From: Raghavendra Rao Ananta
Date: Tue Sep 07 2021 - 12:15:33 EST


On Sun, Sep 5, 2021 at 11:39 PM Andrew Jones <drjones@xxxxxxxxxx> wrote:
>
> On Fri, Sep 03, 2021 at 01:53:27PM -0700, Raghavendra Rao Ananta wrote:
> > On Fri, Sep 3, 2021 at 4:05 AM Andrew Jones <drjones@xxxxxxxxxx> wrote:
> > >
> > > On Wed, Sep 01, 2021 at 09:14:12PM +0000, Raghavendra Rao Ananta wrote:
> > > > Since the timer stack (hardware and KVM) is per-CPU, there
> > > > are potential chances for races to occur when the scheduler
> > > > decides to migrate a vCPU thread to a different physical CPU.

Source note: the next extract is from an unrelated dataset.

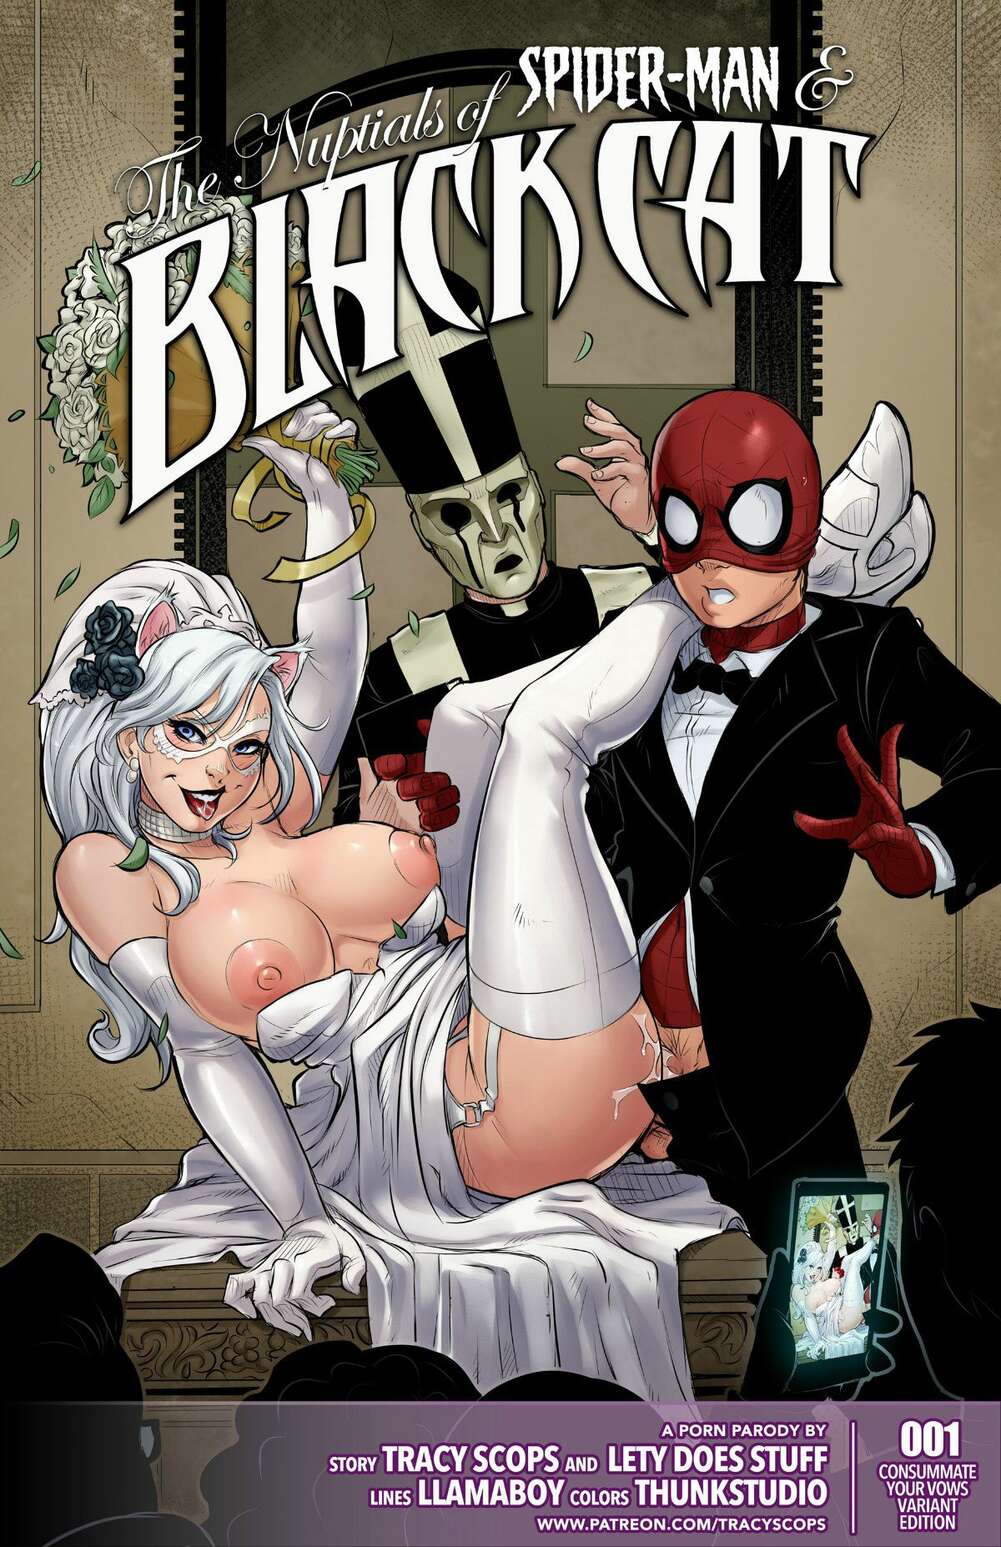 Spider Mansex - â„¹ï¸ Porn comics The Nuptials. Spider-Man. Erotic comic party suit was â„¹ï¸ |  Porn comics hentai adult only | comicsporn.site

> > > > Hence, include an option to stress-test this part as well by
> > > > forcing the vCPUs to migrate across physical CPUs in the
> > > > system at a particular rate.
> > > >
> > > > Originally, the bug for the fix with commit 3134cc8beb69d0d
> > > > ("KVM: arm64: vgic: Resample HW pending state on deactivation")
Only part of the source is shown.